Dataset extract>
%%

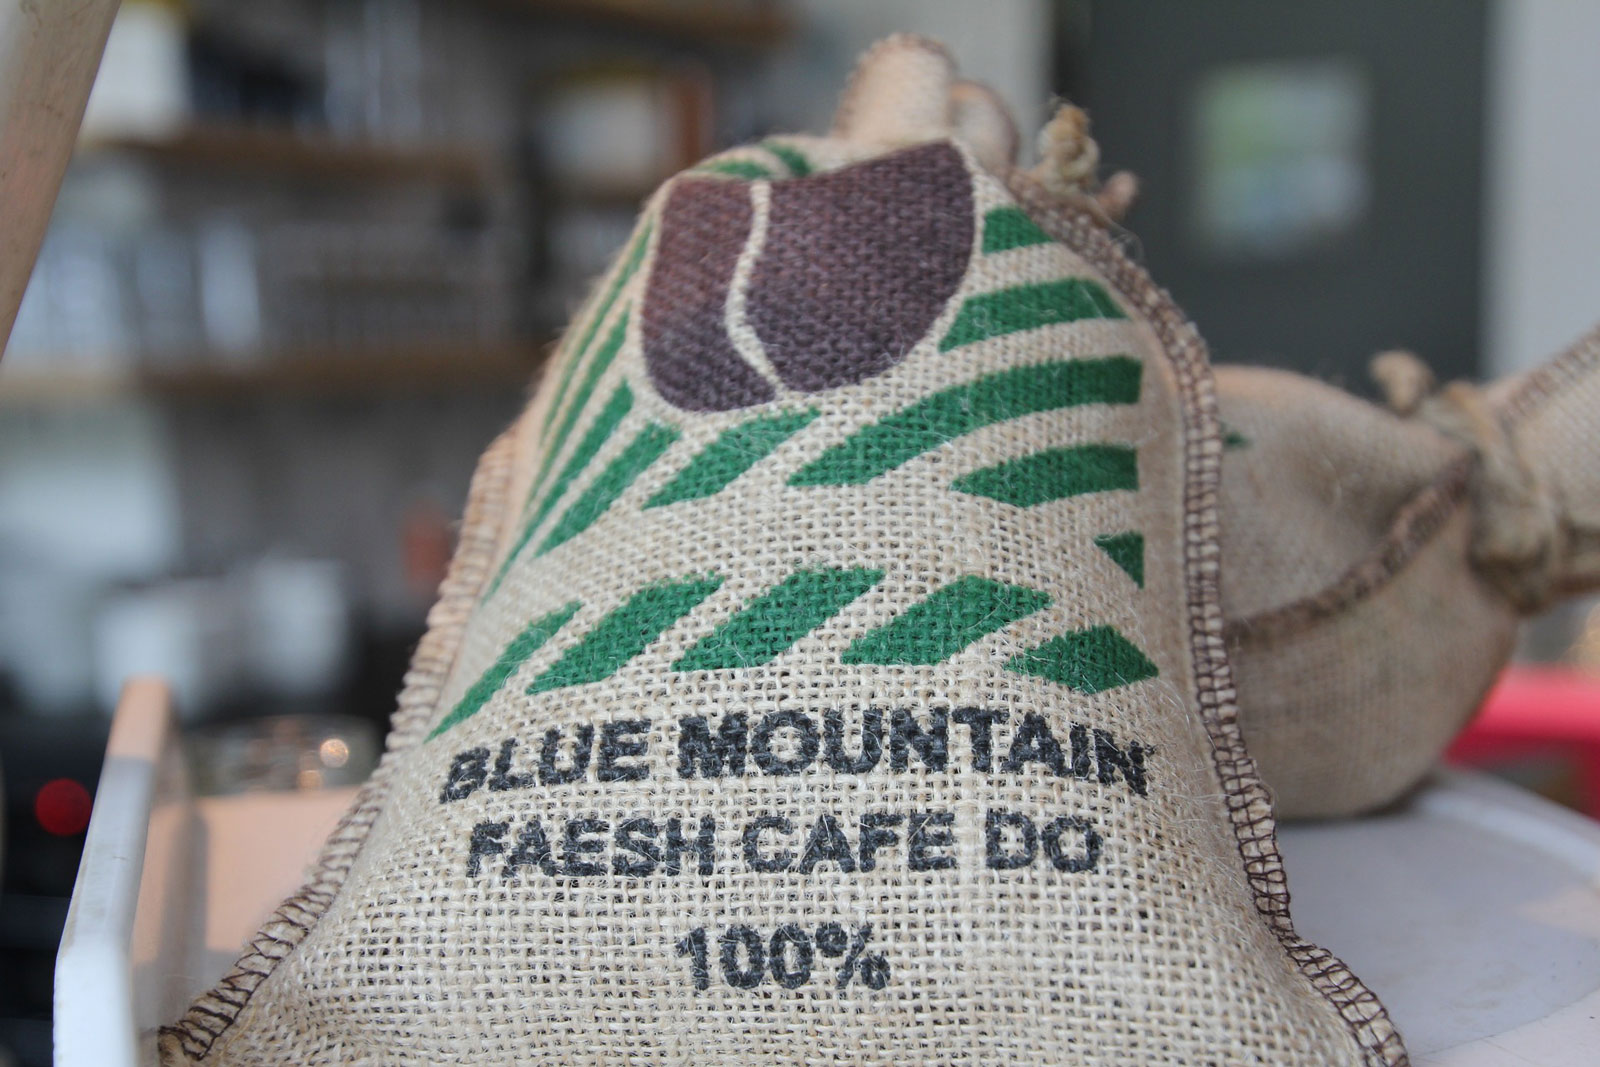 Blue Mountain coffee in Jamaica
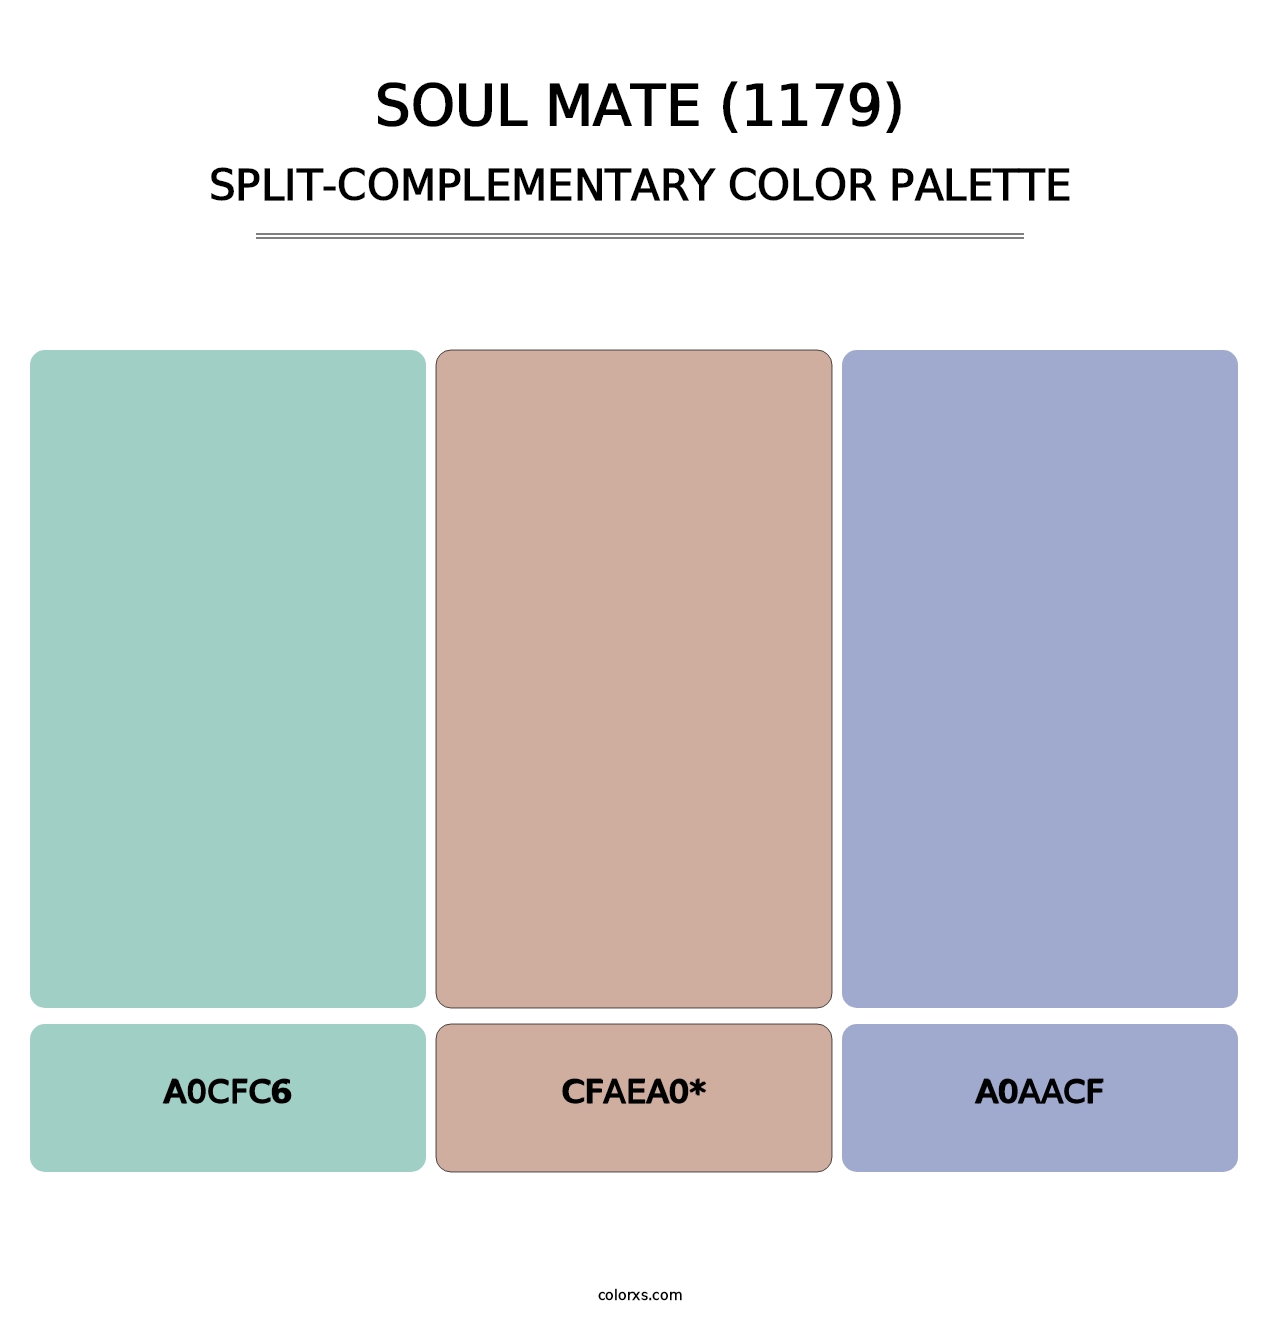 Soul Mate (1179) - Split-Complementary Color Palette
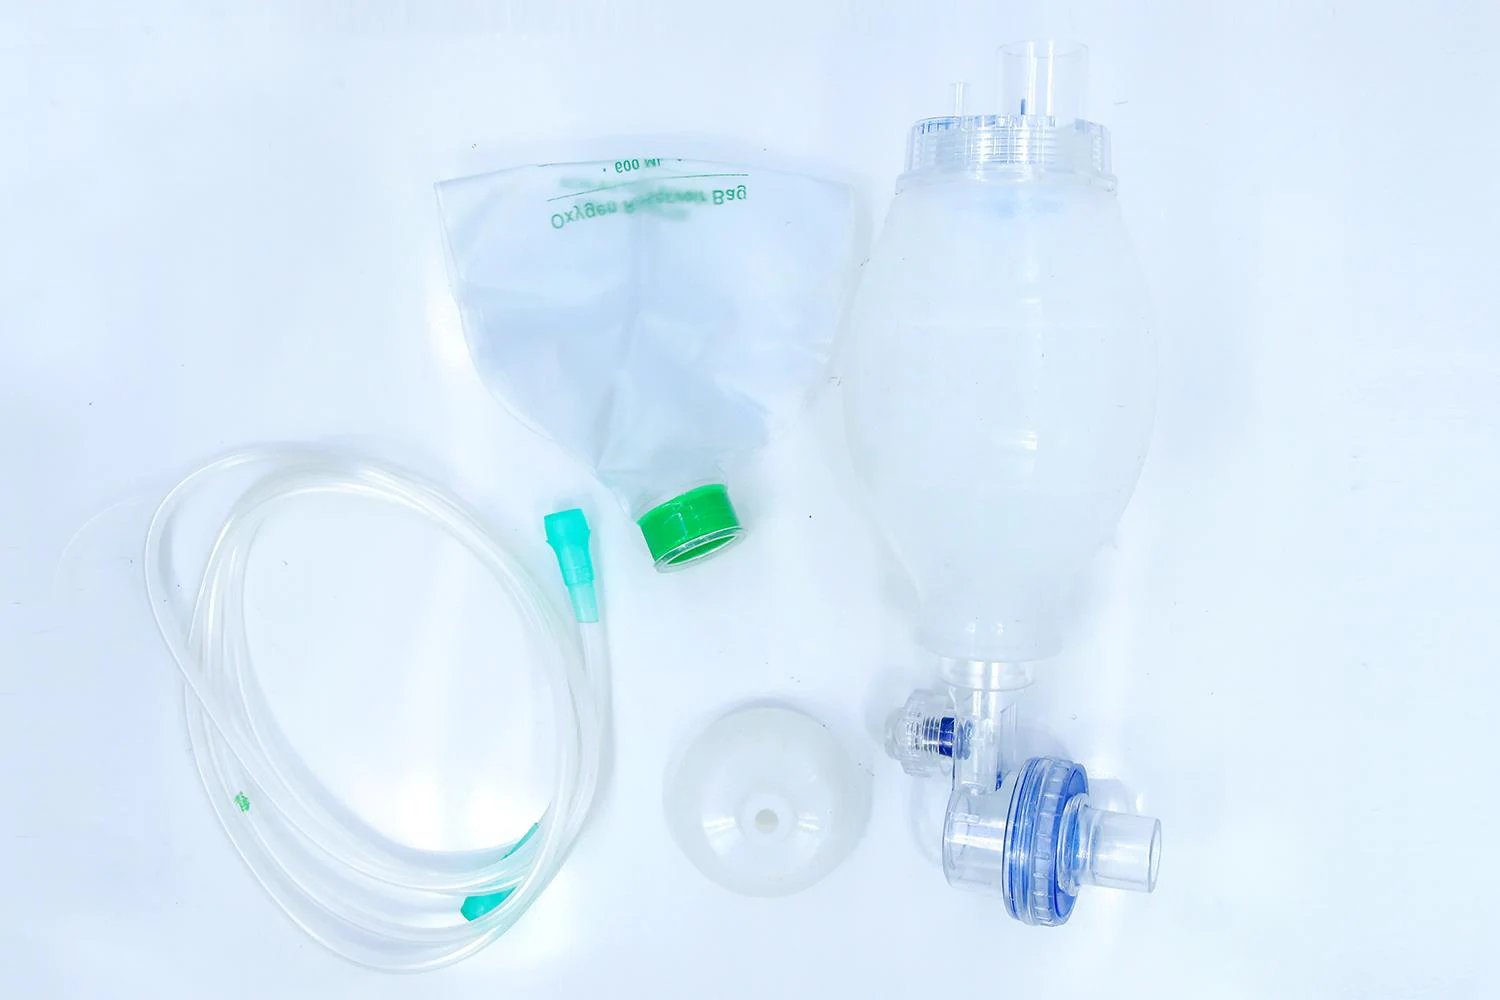 Ambu Bag Adult Silicon Manual Resuscitator Oxygen Tube MaskCPR First Aid  kit  eBay
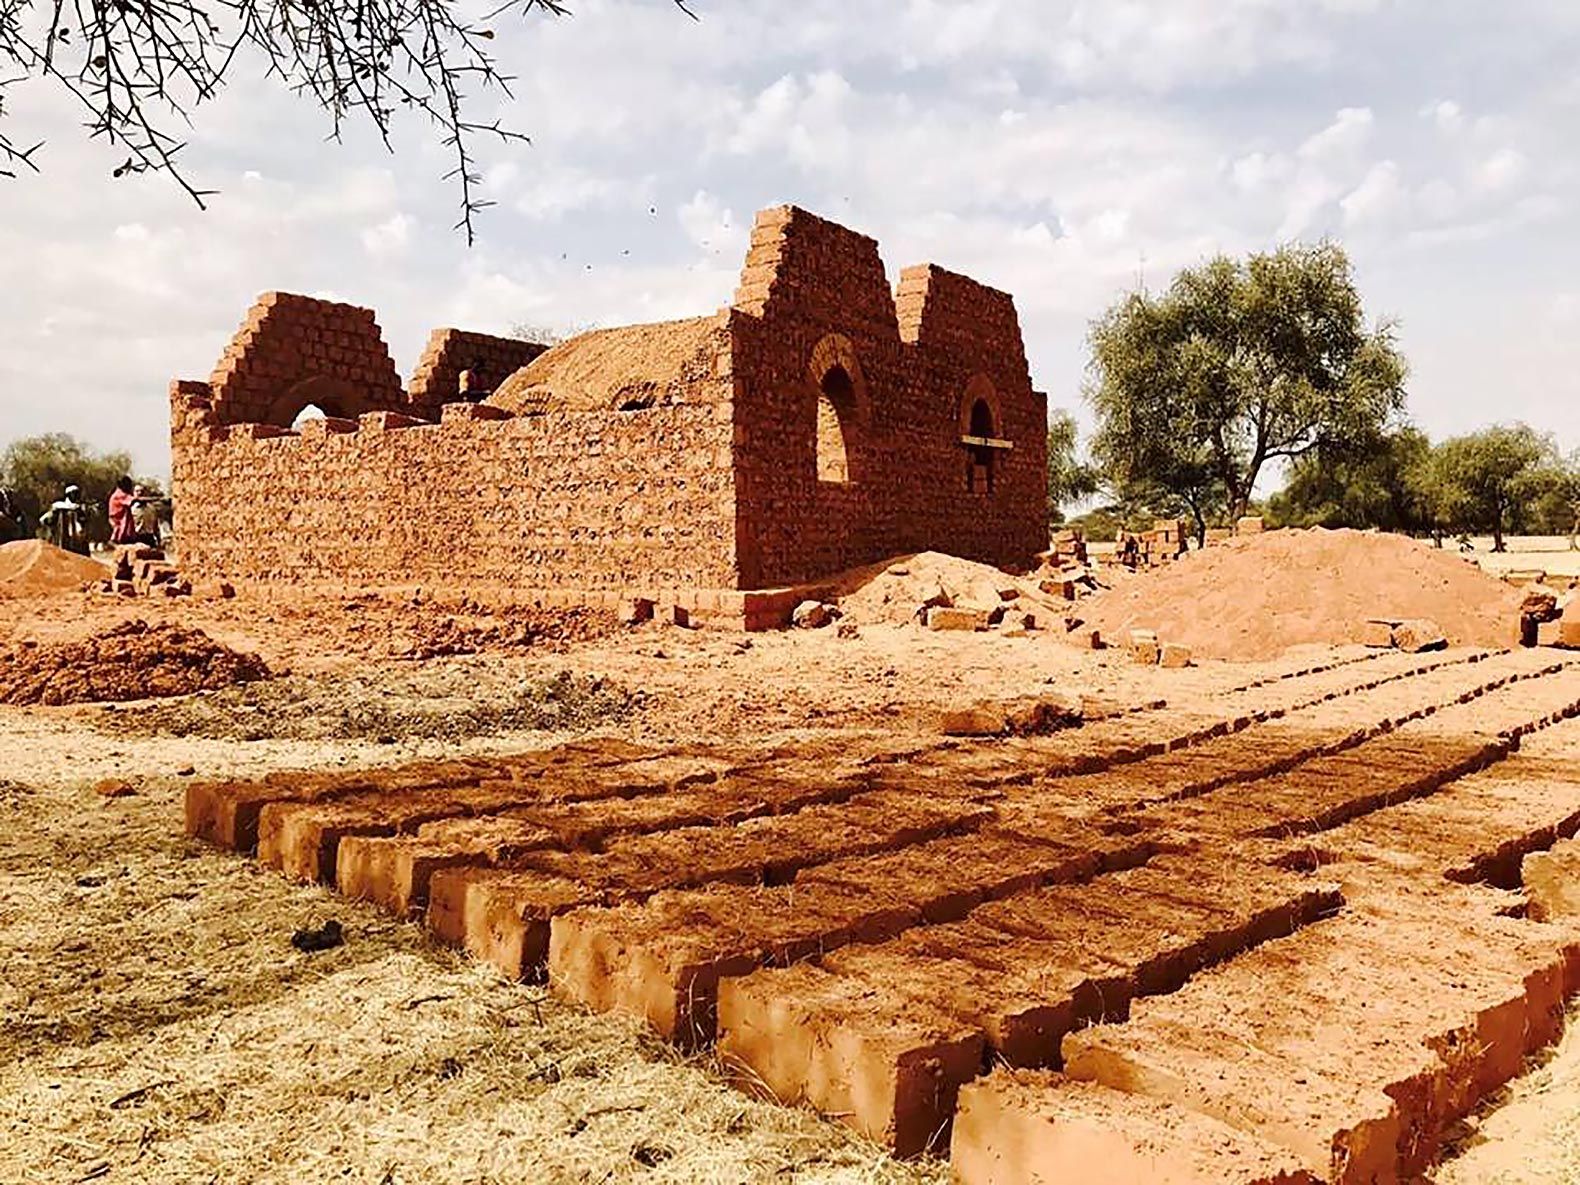 The Nubian Vault Association Mud Bricks

%%

Would you retype every line shown above exactly, leaving the pictures aside?

 Blue Mountain coffee in Jamaica
 Soul Mate (1179) - Split-Complementary Color Palette
 Ambu Bag Adult Silicon Manual Resuscitator Oxygen Tube MaskCPR First Aid  kit  eBay
 The Nubian Vault Association Mud Bricks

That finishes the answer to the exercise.